Einen frühen wichtigen Frauenroman der Aufklärung schrieb Sophie La Roche 1771. In dem Briefroman „Die Geschichte des Fräulein von Sternheim“ erzählt sie die Abenteuer und psychologische Entwicklung eines jungen Mädchens. Warum ist diese Autorin trotzdem heute den meisten unbekannt?

Sophie La Roche ist in ihrer Zeit eine moderne Frau, aber keine Revolutionärin. Sie unterstützt den Status quo, wünscht lediglich einige Verbesserungen. Die Protagonistin ihres Romans bezeichnete sie als „papierene Tochter“. Ihre Ideen zur Erziehung einer Tochter konnte sie nicht ausprobieren. Ihr Mann beschloss, die Töchter wie damals üblich zur Ausbildung ins Kloster zu geben. Trotzdem war sie Vorbild für die adligen, aber auch  bürgerlichen Frauen. Sie gab eine Frauenzeitschrift heraus, deren Beiträge sie meist selbst schreibt, und erklärte den Frauen, wie sie sich kleiden und schminken, wie sie sich bilden können.

Männer entwickelten große Ideen in Literatur, Kunst, Politik und Pädagogik. Sophie La Roches Literaturidee war großartig und wird in die Theorien der Männer integriert. Sie wurde auch vergessen, weil sie  keine persönliche Entwicklung durchmacht. Dieses Schicksal teilte sie mit vielen Frauen.

Bedeutung Lesekreis für Frauen

Lesen führt von der Unwissenheit und Unmündigkeit zu Wissen und Macht. Wer nicht lesen kann, bleibt in der Welt der Kinder. Männer wünschten sich ahnungslose und naive Frauen.

Die Emanzipation der Frauen begann mit dem Lesen. Sie distanzierten sich von der ihnen zugedachten Rolle, entwickelten geistige Beweglichkeit, entkamen der Enge und wuchsen in eine neue Welt hinein.

An Lesekreisen nehmen überwiegend Frauen teil. Warum?

(Illustration: Mathias Hühn)

Die geschlechtsspezifische Erziehung gilt als Relikt der patriarchalischen Gesellschaft. Aber noch immer wird Männern suggeriert, sie seien naturgemäß Verstandesmenschen und Frauen emotional. Frauen und Mathematik? Männer und Hausmann? Auch heute eher ungewöhnlich! Männer lösen seit Jahrhunderten die Probleme der Welt und Frauen unterstützen sie im Hintergrund.
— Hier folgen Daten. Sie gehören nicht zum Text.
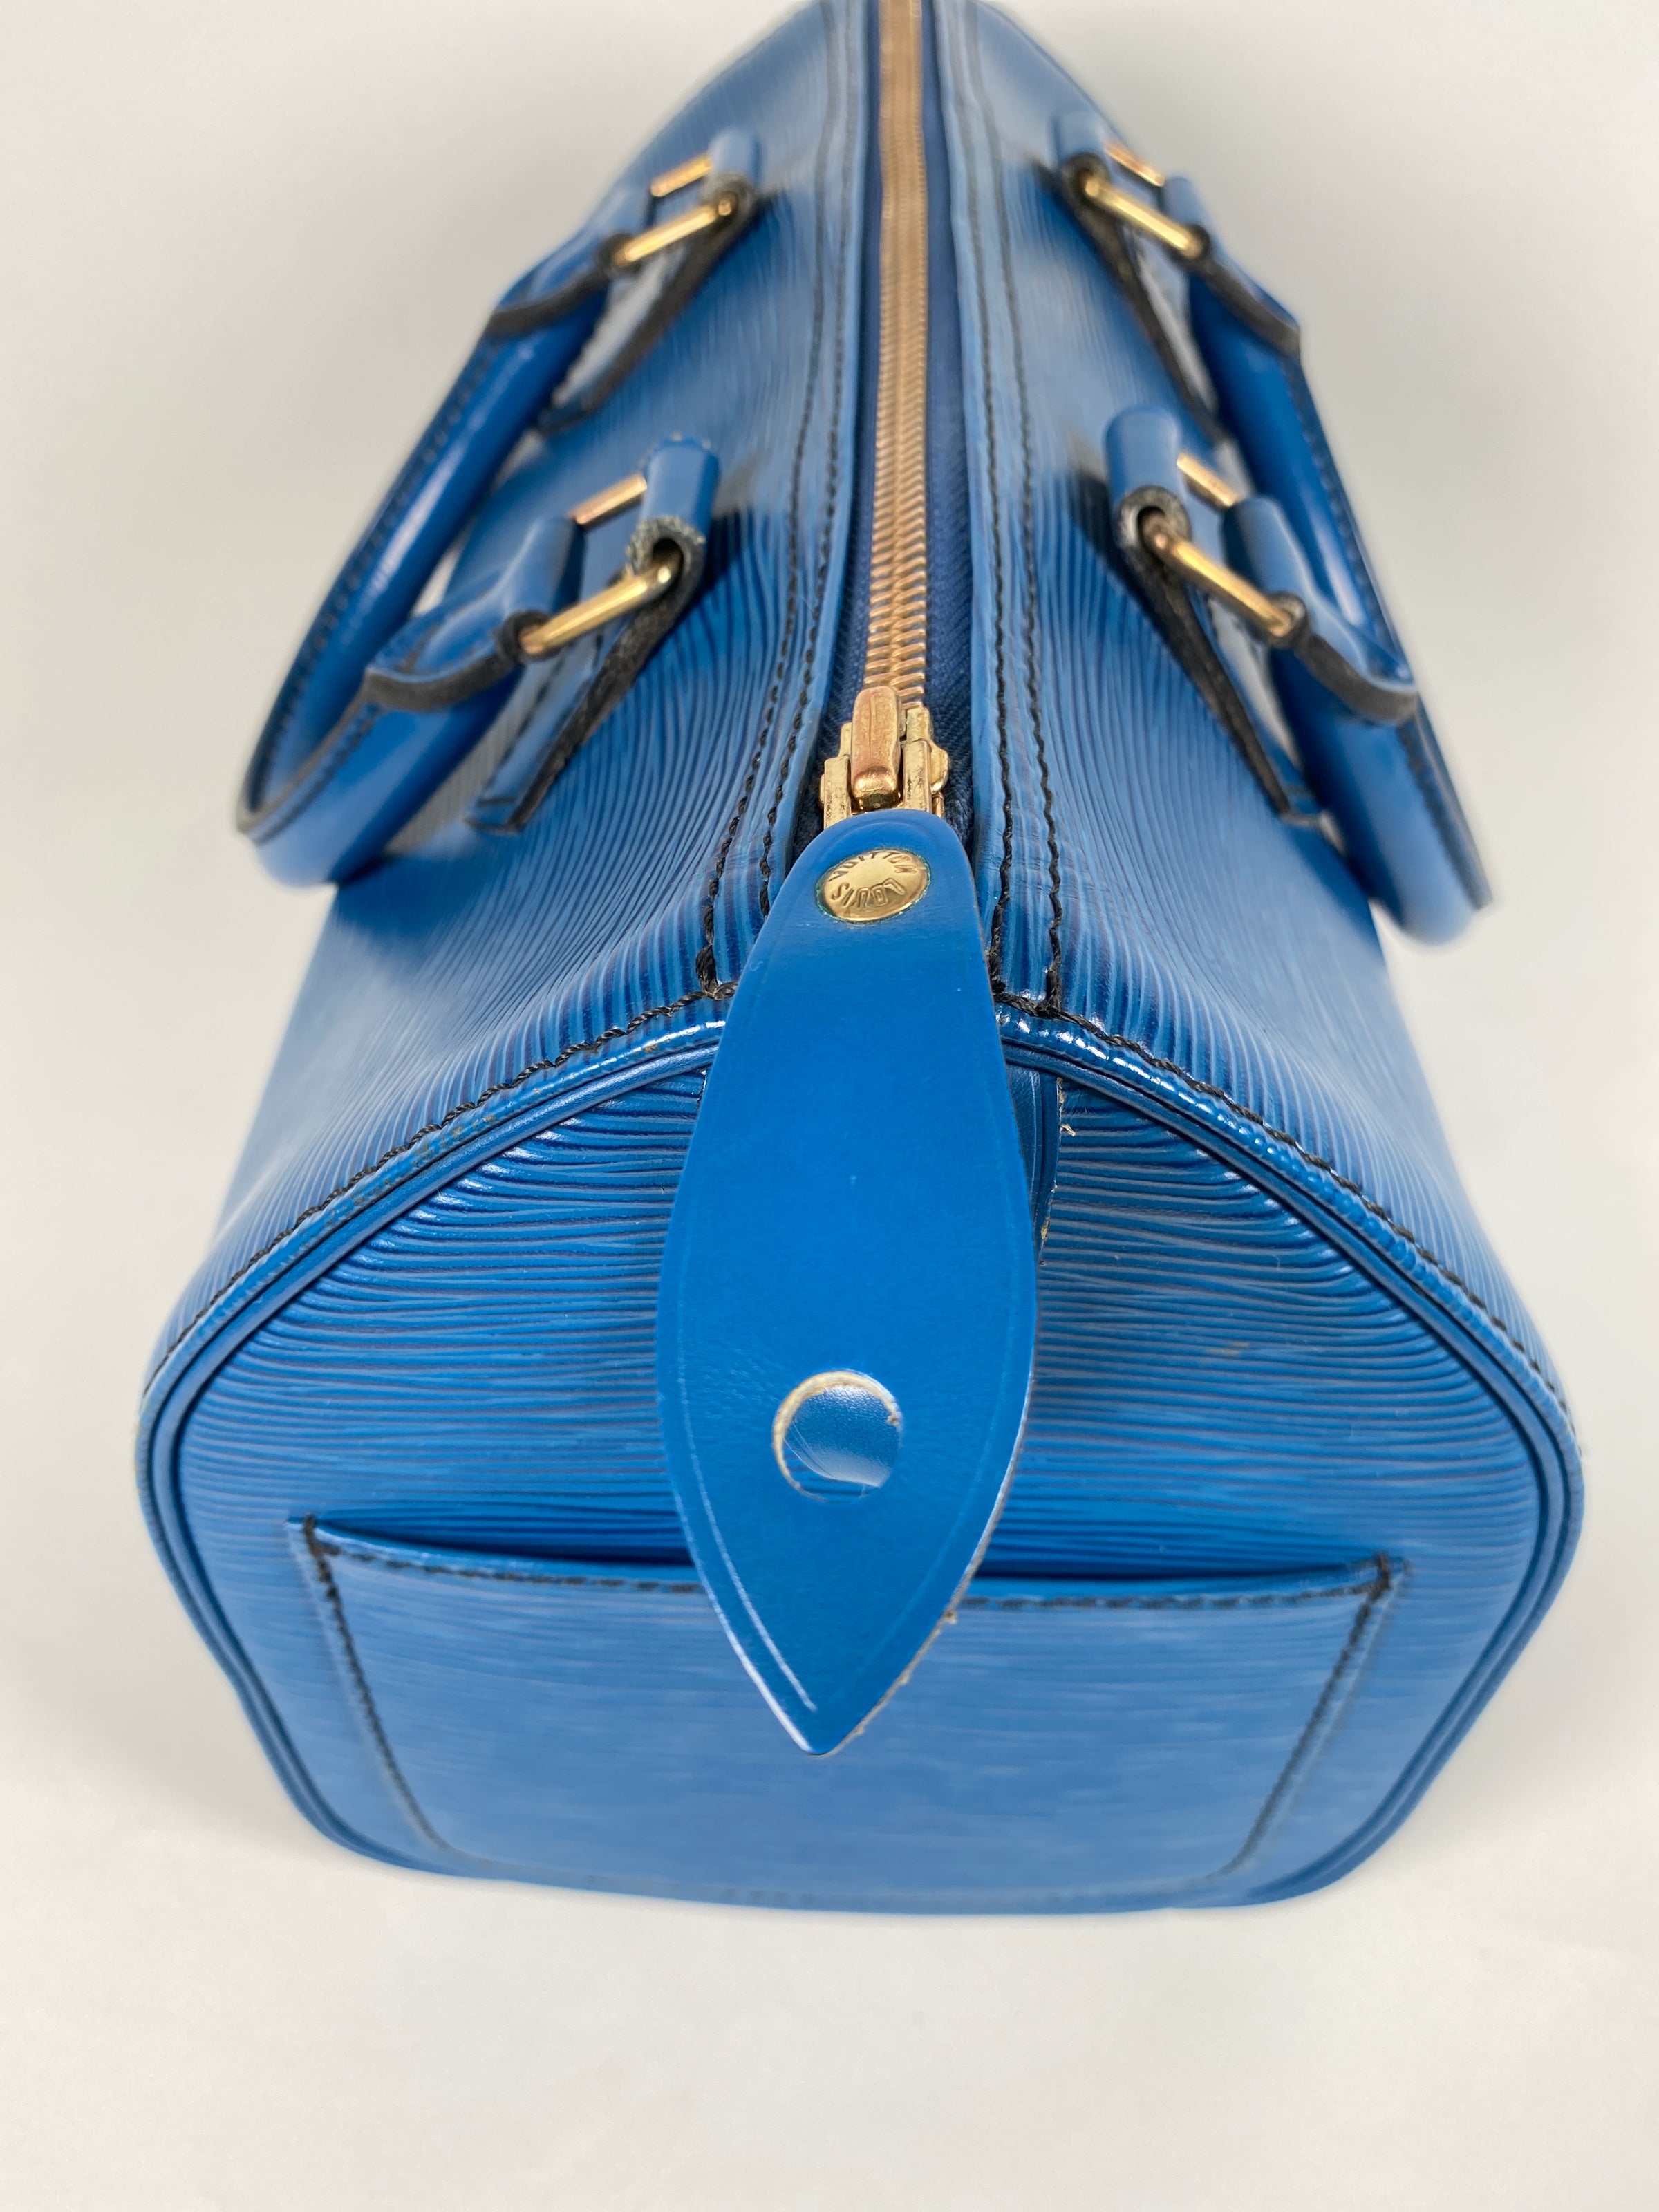 Louis Vuitton Epi Speedy 30 - Blue Handle Bags, Handbags

Seit der Aufklärung sind die weiblichen Erziehungsideale: Bescheidenheit, Dankbarkeit, Takt, Sensibilität und Empathie. Frauen bildeten ihre emotionalen Kompetenzen aufgrund dieser Vorgaben und der entsprechenden weiblichen Vorbilder stärker aus als Männer. Soft Skills sind die Domäne der Frauen und werden für unsere Arbeitswelt immer wichtiger. Lesen hilft entscheidend diese Anlagen zu fördern.

Durch die Lektüre werden die Teilnehmenden der Lesekreise mit unbekannten Gedanken und Lebensmustern konfrontiert. Sie begleiten die Protagonisten und lernen Parallelwirklichkeiten kennen. Manchmal finden sie auch Rat bei eigenen Problemen. Das  macht neugierig auf alternative Formen des Lebens und regt zum Erfahrungsaustausch an.

Rolle der Frau heute

Gleichberechtigung ist in unserem Land gesetzlich festgeschrieben. Männer und Frauen haben dieselben Bildungs- und Jobchancen, dürfen eigenständig entscheiden, ob sie heiraten, als Paar nur zusammenleben oder Single bleiben. Kinderwunsch bestimmt nicht mehr die Beziehungen.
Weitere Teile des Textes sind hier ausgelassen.